# Using the MODAC Client

In this tutorial, we will utilize the [MODAC API](https://modac.cancer.gov/swagger-ui/4.14.0/index.html#/) to download and run an existing model from https://modac.cancer.gov/. This can be useful when you are running AMPL on a remote machine, and cannot easily upload existing models.

## Configuration

In PrecisionFDA, you can declare `MODAC_USER` and `MODAC_PASS` in your `.env` file. See [PFDA.md](https://github.com/mass-matrix/AMPL/blob/master/PFDA.md#L44) for more information about the `.env` file. Alternatively, you can just set your environment like below:

In [1]:
import logging
import os

logger = logging.getLogger()
logger.setLevel(logging.INFO)

os.environ['MODAC_USER'] = 'herman@massmatrix.bio'
os.environ['MODAC_PASS'] = ''

## Downloading Existing Models

As an example, we use this [QMugs_HOMO_LUMO_GAP_Prediction_Model_AMPL16](https://modac.cancer.gov/assetDetails?returnToSearch=true&&dme_data_id=NCI-DME-MS01-106689321). However, you can choose any other model from this site. Be sure to copy `ASSET PATH`. For this example it's `/NCI_DOE_Archive/ATOM/QMugs/QMugs_HOMO-LUMO_Prediction_Model`

In [2]:
from atomsci.modac import *

client = MoDaCClient()

client.download_all_files_in_collection("/NCI_DOE_Archive/ATOM/QMugs_AMPL_16/QMugs_HOMO_LUMO_GAP_Prediction_Model_AMPL16")

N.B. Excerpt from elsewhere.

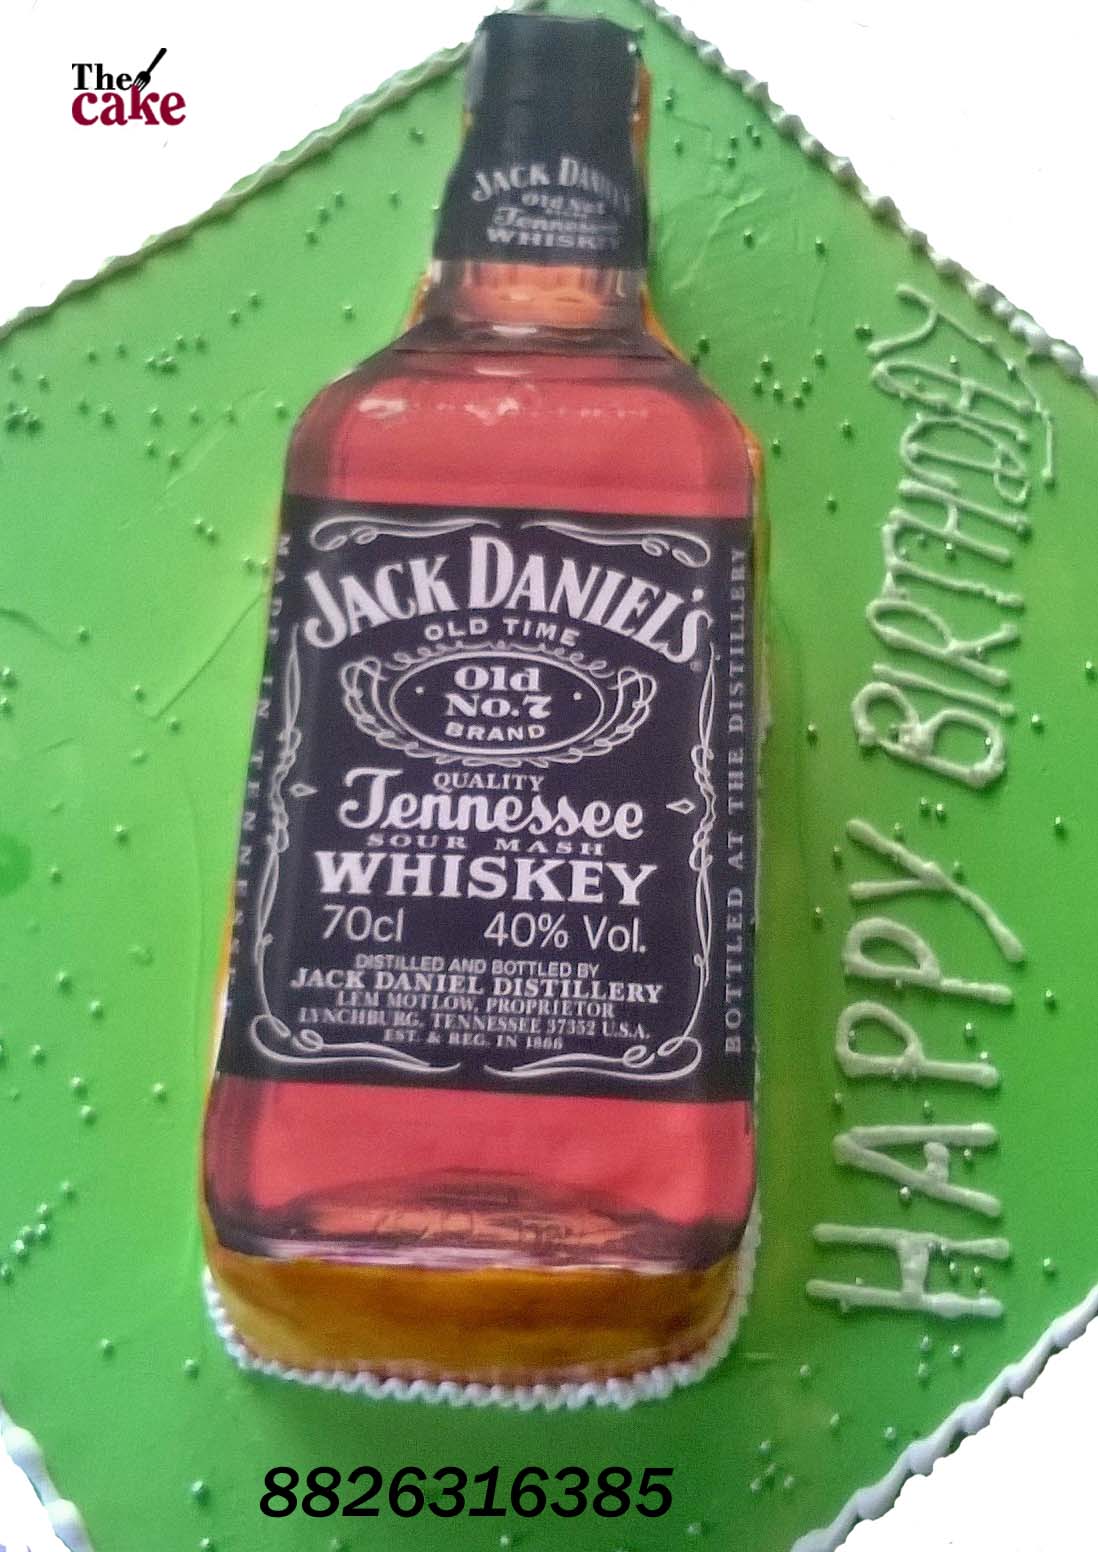 Jack Daniel's Bottle Cake - White Lights on Wednesday

Calling function 'download_all_files_in_collection' with args: ('/NCI_DOE_Archive/ATOM/QMugs_AMPL_16/QMugs_HOMO_LUMO_GAP_Prediction_Model_AMPL16',) kwargs: {}
Calling function 'get_collection' with args: ('/NCI_DOE_Archive/ATOM/QMugs_AMPL_16/QMugs_HOMO_LUMO_GAP_Prediction_Model_AMPL16',) kwargs: {}
Get collection. Making requests to https://modac.cancer.gov/api/collection//NCI_DOE_Archive/ATOM/QMugs_AMPL_16/QMugs_HOMO_LUMO_GAP_Prediction_Model_AMPL16
Function 'get_collection' returned: {'collectionId': 106689321, 'collectionName': '/NCI_DOE_Archive/ATOM/QMugs_AMPL_16/QMugs_HOMO_LUMO_GAP_Prediction_Model_AMPL16', 'absolutePath': '/NCI_DOE_Archive/ATOM/QMugs_AMPL_16/QMugs_HOMO_LUMO_GAP_Prediction_Model_AMPL16', 'collectionParentName': '/NCI_DOE_Archive/ATOM/QMugs_AMPL_16', 'collectionOwnerName': 'ncidoesvcp2', 'collectionOwnerZone': 'ncifprodZone', 'collectionMapId': '0', 'collectionInheritance': '1', 'createdAt': 1722000570000, 'specColType': 'NORMAL', 'subCollections': [{'id': 10675716

After the download is complete, you can see all the files get downloaded inside a folder which seems to be named by the model `ASSET NAME`. 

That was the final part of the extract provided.